Foreign exchange trading analysis: Will USD/CHF break below 0.9?
Before the European market on Thursday (February 6th), the US dollar/Swiss franc fluctuated above the key psychological level of 0.9000, attracting some bargain hunters, ending the three-day decline and gradually recovering from a one week low. However, analysts believe that the sharp correction that began around 0.9200 this week has not yet fully ended.
The US dollar has recently experienced a slight rebound, ending its previous trend of falling to a one week low. However, analysts believe that despite the rebound of the US dollar, its overall upward momentum is still limited, mainly due to the market's expectation of further easing of monetary policy by the Federal Reserve. The market generally expects that the Federal Reserve may cut interest rates multiple times this year, which to some extent suppresses the upward potential of the US dollar.
Meanwhile, as a traditional safe haven currency, the Swiss franc's performance is influenced by global market sentiment. The safe haven buying of the Swiss franc has decreased, providing some support for the USD/CHF exchange rate. However, the cautious sentiment in the market still exists, especially concerns about US trade policies, which may limit the decline of the exchange rate.
At present, the market has very strong expectations for the Federal Reserve to cut interest rates, and it is expected that the Fed will cut interest rates at least twice this year. This expectation was further strengthened after the release of the US ISM Services PMI data in January. Data shows that the US ISM services PMI for January fell from 53.9 last month to 52.8, lower than market expectations, reflecting a slowdown in service industry activity. Despite the strong performance of ADP private employment data in the same month, which added 183000 jobs, higher than the revised 176000 last month, this positive news has not completely offset the negative impact of ISM service PMI data, and market concerns about the US economic outlook have not completely dissipated.

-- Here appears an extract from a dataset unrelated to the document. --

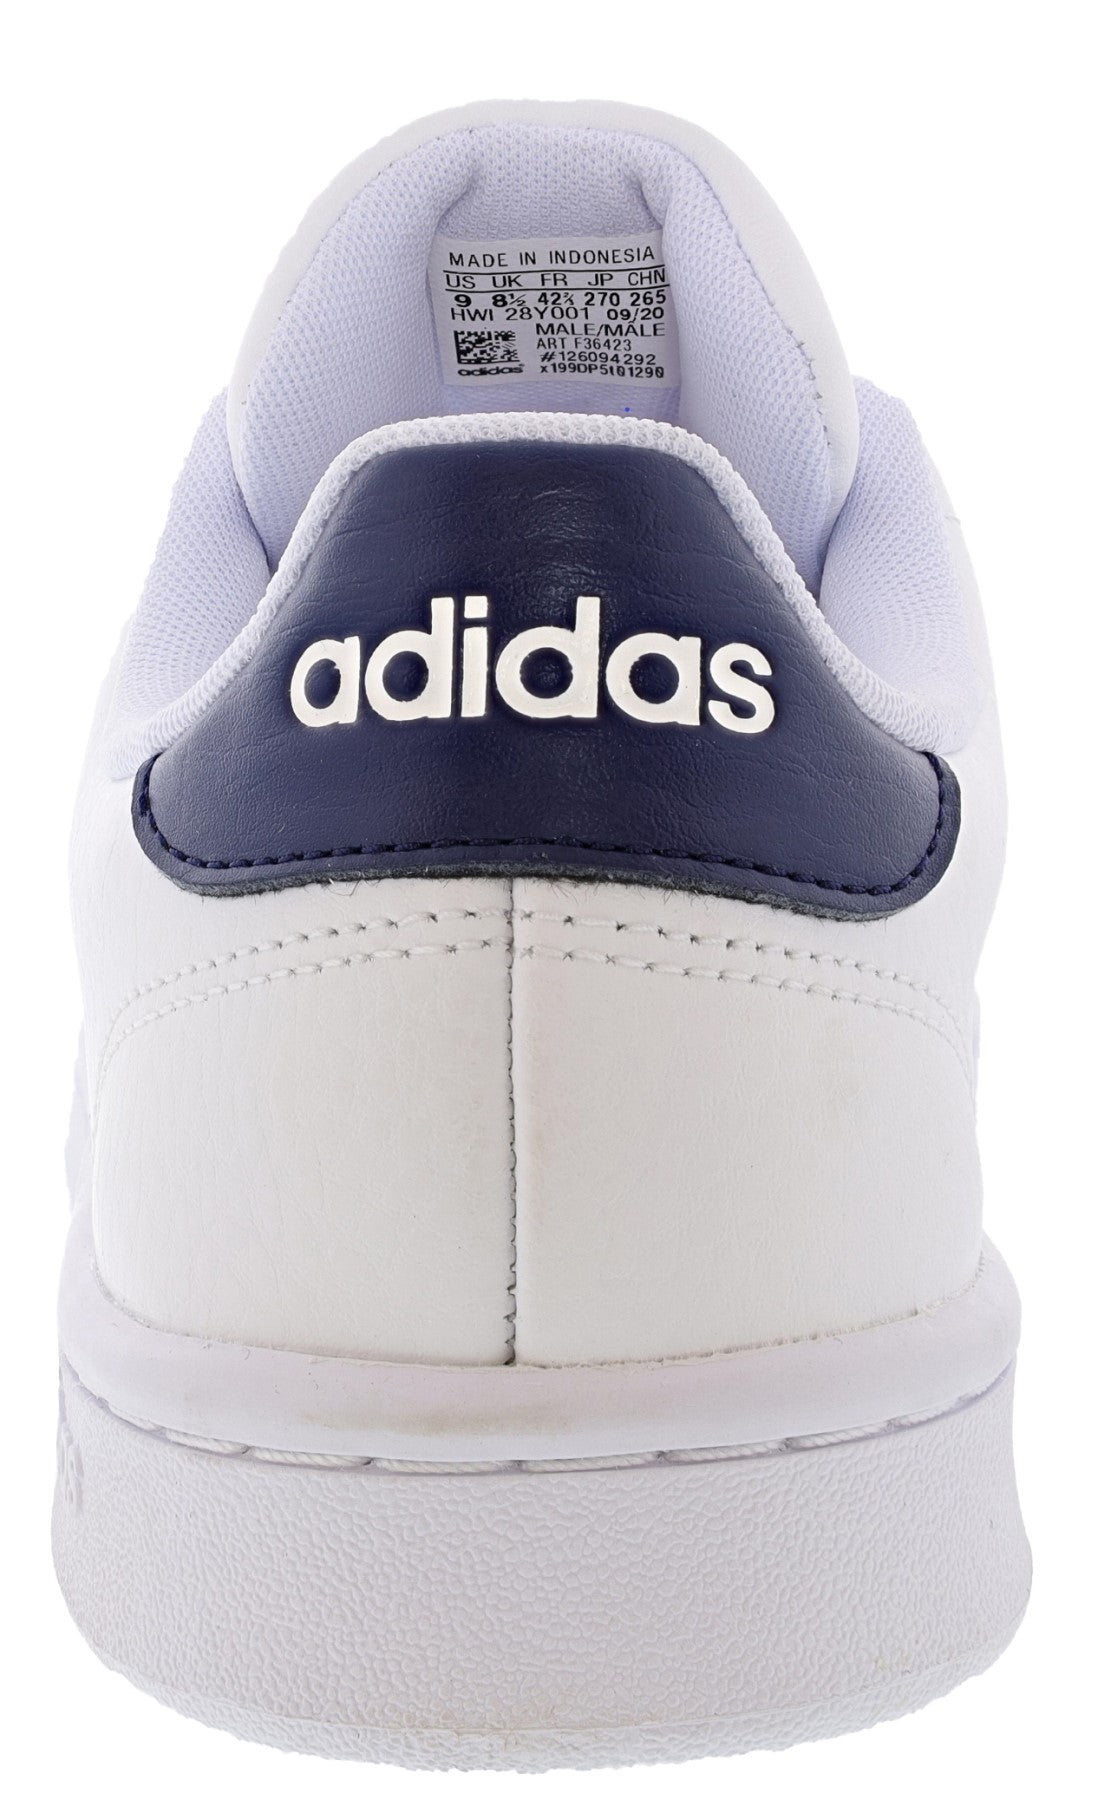 
                  
                    Back angle of Outside view of white Adidas Men's Advantage Base Sneaker Shoes

Technical analyst interpretation:
From a technical perspective, the USD/CHF is currently fluctuating around the psychological level of 0.9000, which is both a support level and a focus of market attention. Recently, the exchange rate has stabilized around this level, attracting some buying interest and ending the previous three-day decline.
1. Price trend
Currently, the US dollar/Swiss franc is fluctuating around 0.9030, and at the daily level, the exchange rate has formed a strong support around 0.9000. However, whether this support level can be sustained still depends on the subsequent price trend. If the exchange rate can successfully reach 0.9050, it may further challenge the 0.9100 region; On the contrary, if the price falls below 0.9000 again, it may trigger another market sell-off and push the exchange rate back to a lower level.
2. Technical indicator analysis
From a technical perspective, the RSI (Relative Strength Index) is currently in the neutral zone, at around 48, indicating a lack of clear direction in the market in the short term. The MACD indicator shows that the distance between the fast and slow lines is relatively small, indicating weak market momentum. In addition, the Bollinger Bands indicator shows that prices have recently fluctuated around the middle band of the Bollinger Bands, with a decrease in volatility, indicating that the market is currently in a relatively calm state.
3. Key support and resistance levels
For USD/CHF, 0.9000 is an important psychological barrier and also a strong support. If the exchange rate can successfully stabilize above 0.9000, it may attract more buying interest and drive the exchange rate further upward; On the contrary, if the price falls below 0.9000, it may trigger further market selling and push the exchange rate back to a lower level.
In addition, 0.9050 is also an important resistance level, and if the exchange rate can break through this level, it may further challenge 0.9100. On the other hand, 0.8950 is also a key support level, and if the exchange rate falls below this level, it may trigger panic selling in the market, pushing the exchange rate further down.
summary
In summary, the current trend of USD/CHF is influenced by both fundamental and technical factors. Although the exchange rate has stabilized around 0.9000, attracting some buying interest, market expectations of the Federal Reserve's interest rate cuts and concerns about the global economic outlook have to some extent suppressed its upward potential. From a technical perspective, 0.9000 is an important support level, and if the exchange rate can remain above this level, it may push it further upward; On the contrary, it may trigger further market selling.